Without strong deterrence or a fundamental shift in the aggressor’s reasoning, Ukrainians know that war will inevitably return. They have lived this reality, engaging in peace talks with Russia throughout their history, only to face renewed aggression. In 1918, after securing independence, Ukrainians entered negotiations with the Bolsheviks, but soon found themselves invaded and forcibly absorbed into the Soviet Union. Similarly, the Minsk agreements of 2014 showcased the limit of Western commitment to Ukrainian territorial integrity, and enabled Russia’s full-scale invasion in 2022.
For Ukrainians, these experiences are not distant history; they understand, perhaps more deeply than anyone, the bitter reality that Russia’s imperial identity is bound to the subjugation of its neighbours. They have learned through painful experience that without solid security guarantees, any peace deal with Russia is merely a temporary pause before further attempts at domination.
Applying these historical lessons to the present, it is clear that a rushed peace deal, without concrete security guarantees—ones that would decisively prevent future Russian invasions—will leave Ukrainians trapped in a fragile and temporary peace, fully aware that war will return. This perception has profound and far-reaching implications for Ukraine’s society, that have in turn critical consequences on Ukraine’s future security, and through it – on the security of Europe.
Currently, the primary guarantor of Ukraine’s security is its own armed forces, which in turn rely on the strength of the nation's demography, economy, institutions, and the will of its people.
However, Ukraine's demographic situation is dire: internal projections put Ukraine’s population at a catastrophic 28 million, from 44 million in 2021. Current birth rates are abysmal, and while 65% of the millions of Ukrainians exiled abroad wish to return home one day – a key resource that Ukrainian planners count on for the country’s post-war reconstruction – this is very unlikely without solid security guarantees. Families who have fled are unlikely to return, and additional men—fearing the re-imposition of wartime travel restrictions—may also choose to leave following a temporary lull in conflict.
A rushed peace deal will leave Ukrainians trapped in a fragile and temporary peace, fully aware that war will return. This perception has profound and far-reaching implications for Ukraine’s future security.
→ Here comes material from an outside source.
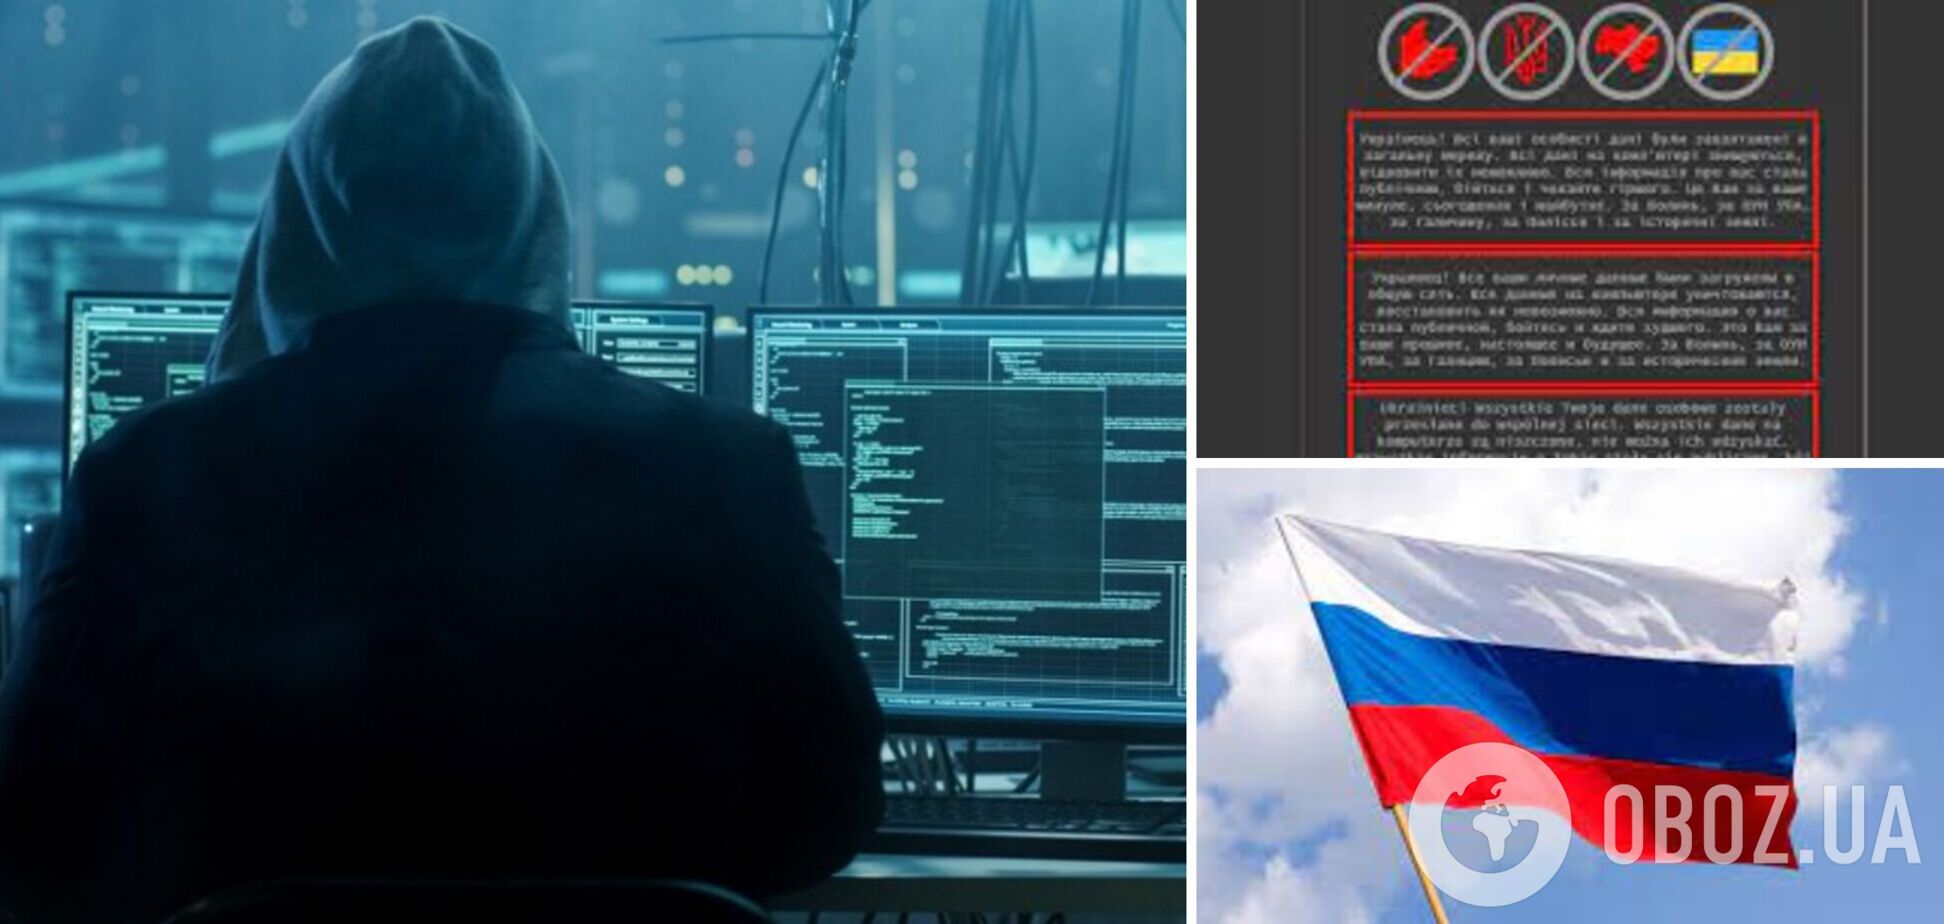 Эксперты нашли российский след в кибератаке на украинские сайты

Economically, the necessity of maintaining a large military presence will impose a heavy burden on the nation, with the mobilisation of a significant portion of the workforce hindering Ukraine’s full economic recovery. Furthermore, the much-anticipated reconstruction of Ukraine, which is critical for its future prosperity, will struggle to attract private investment if security guarantees are absent. Investors will hesitate to commit resources to a country perceived as vulnerable to renewed conflict, further stalling rebuilding efforts which may prove themselves in the end to be more official talk than action.
At the same time, Ukraine’s institutions, which will likely remain focused on the immediate security situation, will struggle to address other critical issues, such as fighting corruption, fostering inclusive governance, and advancing internal reforms. These factors could stifle the efforts of the country’s remarkable civil society, which aim to further distance Ukraine from its Soviet past and heritage of corruption and poor governance, in order to maximise the resources available for national defence.
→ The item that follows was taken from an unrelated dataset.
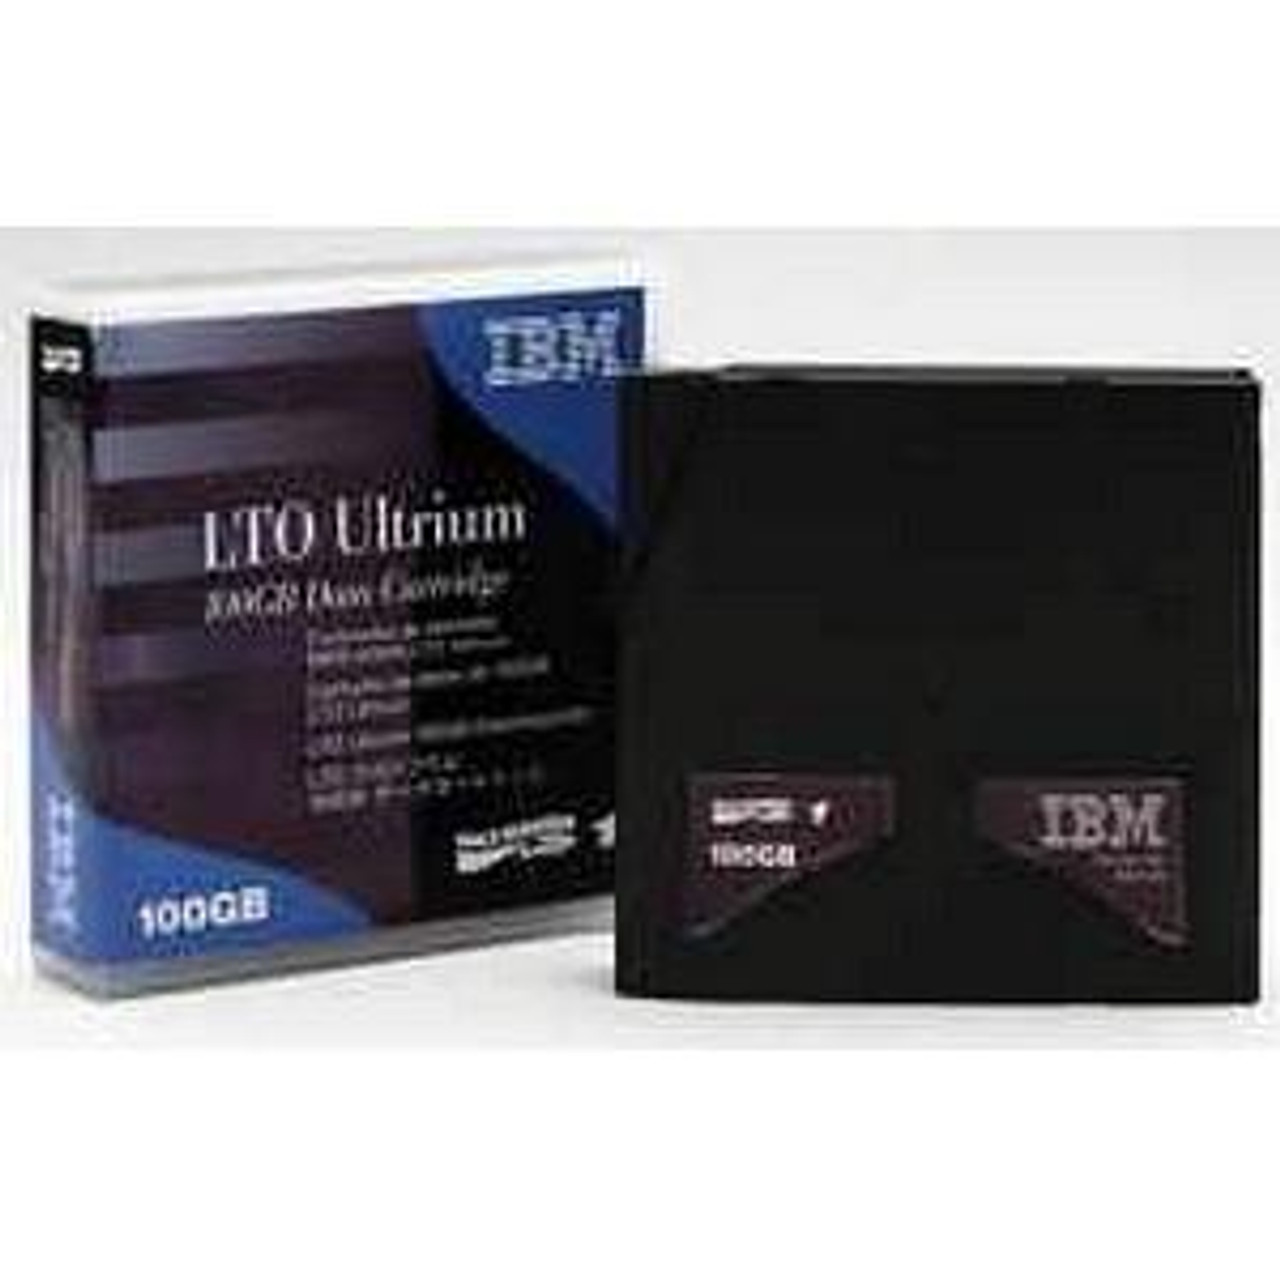 71P9152 - IBM LTO Ultrium Data Cartridge - LTO Ultrium

Finally, in such a context where Ukraine’s core war aims remain unfulfilled, its society may become demoralised, less resilient, and less capable of resisting renewed aggression. This would signal the collapse of the entire vision of a nation. In 2022, Ukrainians rushed to enlistment centres, endured bombardments, blackouts, poverty, consented to unimaginable sacrifices, all in pursuit of a vision for a new Ukraine—one where future generations could live in peace and prosperity, in a free and democratic country, firmly anchored to Europe and Western values after decades of Russian and Soviet domination.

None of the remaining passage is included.